As with most types of debt, it is important to contact your lender or landlord and be honest and upfront about your situation. It may be a good idea to go through your finances or budget and seriously think about how much you can afford to pay before speaking to them so that you have this information to hand if they ask.
If you have been through your budget, cut as many non-essentials as possible, but are still finding it tough to afford your rent, then this may simply mean your income is too low. If this is the case and you are not already accessing the relevant benefits, then it may be worth investigating whether you qualify for the housing benefit. This a regular payment made towards your housing costs. It can be back dated for up to six months, so it could be an effective way of clearing some or all your rent arrears.

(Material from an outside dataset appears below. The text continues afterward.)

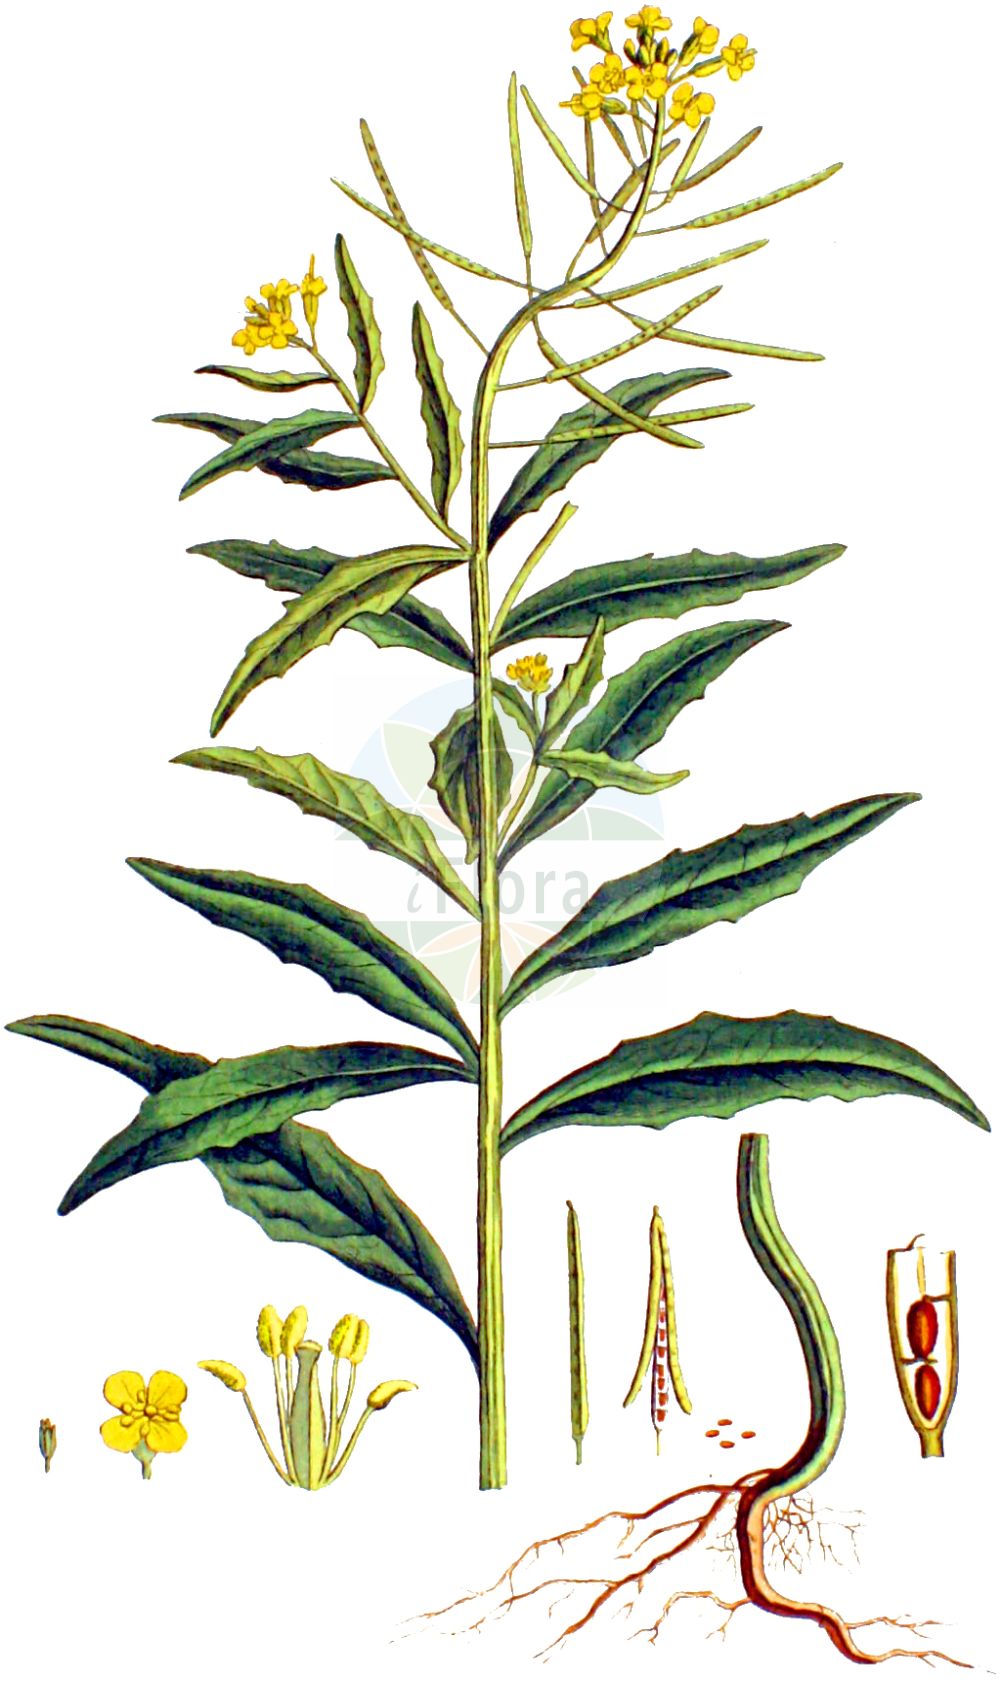 Historische Abbildung von Erysimum cheiranthoides (Acker-Schöterich - Treacle-mustard). Das Bild zeigt Blatt, Bluete, Frucht und Same. ---- Historical Drawing of Erysimum cheiranthoides (Acker-Schöterich - Treacle-mustard). The image is showing leaf, flower, fruit and seed.(Erysimum cheiranthoides,Acker-Schöterich,Treacle-mustard,Erysimum cheiranthoides,Acker-Schoeterich,Acker-Schotendotter,Treacle-mustard,Wormseed Wallflower,Wallflower Mustard,Wormseed Mustard,Erysimum,Schöterich,Wallflower,Brassicaceae,Kreuzblütler,Cabbage family,Blatt,Bluete,Frucht,Same,leaf,flower,fruit,seed,Kops (1800-1934))

You could even ask for an Alternative Payment Arrangement, meaning the payment could be made directly to your landlord.
For someone with a mortgage, the person listed on the mortgage agreement is responsible for the debt.
What Might Happen If I Fall Behind With My Mortgage or Rent?
The most serious consequence for not keeping up with mortgage payments is repossession. With a mortgage, you do own your home, but only if you keep to the agreement of paying your monthly amount.
Lenders will always contact you in writing with a demand for payment, but it is always worth noting that there are various steps your lender should take before there is any risk of repossession:
- Consider any request from you to change the way you pay your mortgage
- Offer you the chance to pay off your missed repayments if you wish to
- Begin legal action to repossess your home.
This last step is always the final resort and lenders will often try to work with you to resolve the issue before it comes to this.
The rental equivalent of repossession is seeking possession.
This is a set procedure that the landlord must follow. It begins with them writing to you informing you of when they would like you to move out of the property. If you refuse to leave on the date given then the landlord can take you to court to reclaim the lost rent and seek a possession order and warrant of possession. This allows the court to use bailiffs to force the eviction.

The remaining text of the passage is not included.